Another good practice when creating packages is to do something to really draw attention or do something fun that makes the hotel stand out from competitors. Many hotels offer a breakfast package or a package with local attraction tickets. While these packages are proven winners, many hotels are using the same ones and they no longer stand out from the crowd.

It is best to consider a package that is a unique attention grabber, fulfills a guest or hotel need or drives revenue on shoulder days. An attention- grabbing package might rely on an attraction in the local market or it might be fun to think outside the box and create packaging around a National Holiday or National event such as Super Bowl or Kentucky Derby. Another idea would be to design a package around a silly Holiday like Fortune Cookie Day or National Piano Month. A Romance Package that has amenities other than the standard chocolates such as a unique gift basket or a couple's spa experience will definitely spark some interest.

An example of a package that fulfills a need might be a Puppy Package that includes a dog bed, puppy treats and food and water bowls in the room. Pet owners absolutely love this kind of treatment when they travel with their favorite furry friends and pet owners are loyal to hotels that welcome their pets. Another example might be an Amusement Park package that includes a "Fun in the Sun" kit that contains band aids, sunscreen, towelettes, bottled water and snacks. While an amusement park package does not necessarily stand out by itself, including some much-needed amenities for busy parents with kids will make get it noticed! Another good exercise when creating Value Add Packages is to see what competitors or similar hotels are doing and let the creative juices flow!

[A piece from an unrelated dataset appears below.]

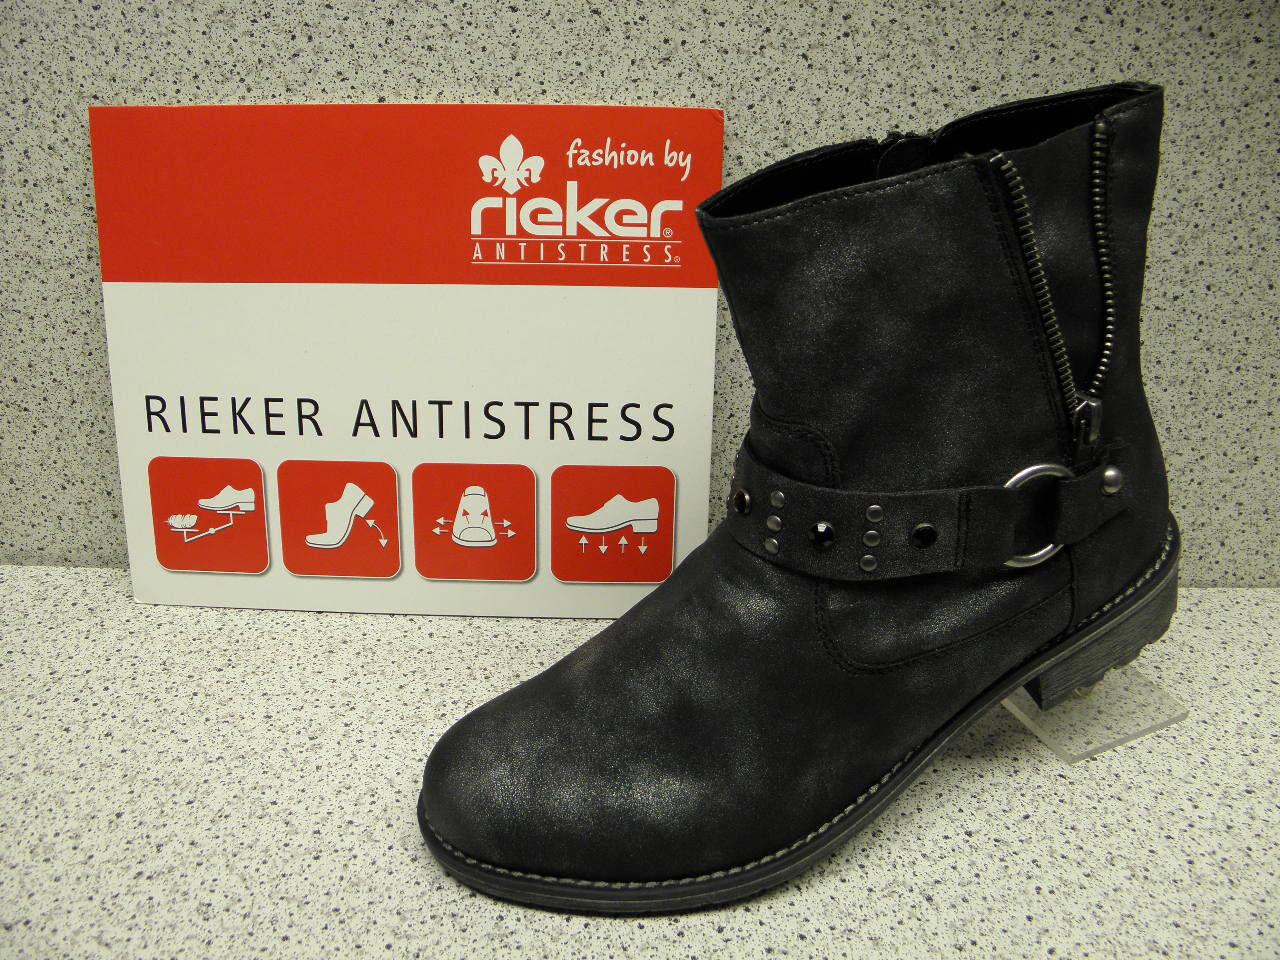 rieker ® SALE bisher   + gratis Premium - Socken K3485-45 (R156)
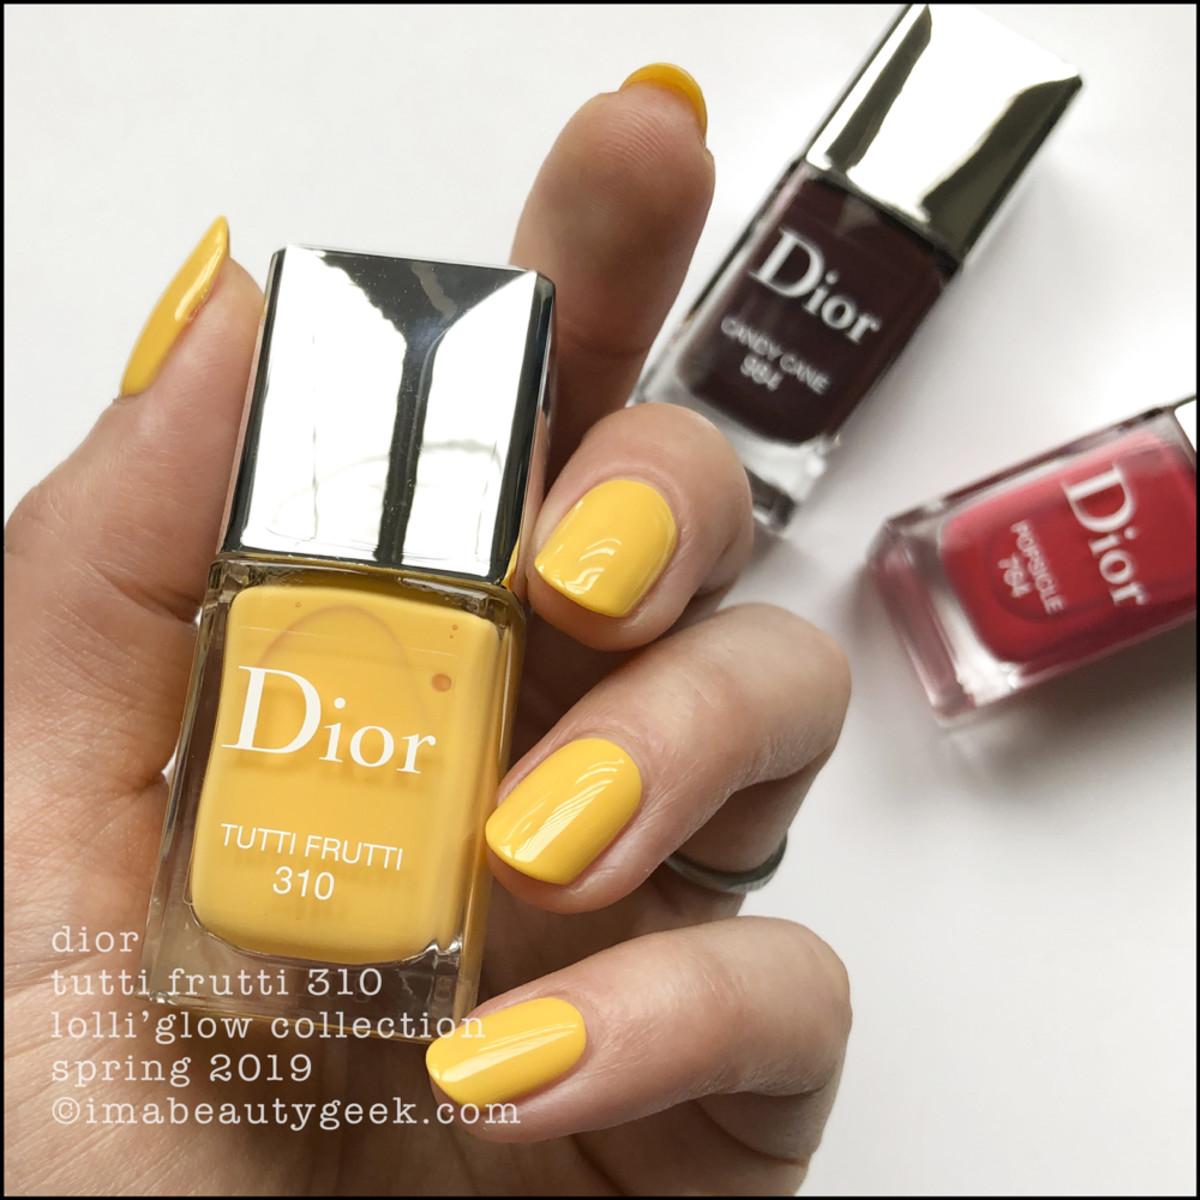 Dior Tutti Fruitti 310 - Dior Lolli'Glow Swatches Spring 2019

Another element to incorporate in packages are the perks that cost the hotel very little or nothing yet have value to the consumer. For example, an early or late checkout costs the hotel nothing, but has value to the customer. If the hotel is already offering a local shuttle service then offering a ride to a local attraction has very little cost associated with it and is a huge draw for the customer. In house movies, mini bar or WIFI are other in-house perks than can be applied.

Bonus Reward points are another great tool when adding value to a package because the points have a higher perceived value than what they actually cost the hotel. This allows us to stretch our profit margin within a point package. Again, use rational pricing and price packages over the Bar rate, otherwise customers will only book the package instead of booking Bar.

To assure their success packages should be promoted on hotel vanity websites, on special offer pages, landing pages or package tabs on the brand.com or in email blasts to get the word out. When partnering with a local attraction that attraction can also be enlisted to assist with package promotion. Can the package be added to the attraction's website? Does the attraction have a customer list that they market to and can they include our package in their next eblast or mailer?

Local Convention and Business Bureaus and Chambers of Commerce are another great way to get the word out. Many of these organizations do monthly or quarterly mailers to their members or have Package or Offers tabs on their websites. Three to six months is a good time frame to give a package to work and then review production. If a package does not sell as expected the elements of the package might need to be reworked or more elements might need to be added or it might be time to come up with something new.

In conclusion driving revenue and increasing profit does not necessarily mean deep discounting rates or even discounting at all. Guests are not necessarily looking for the lowest room rate. They are looking for value and convenience in booking and Value Add Packaging checks off both of these boxes! It's a win-win for both the customer and hotel with more money going straight to the bottom line for the hotel.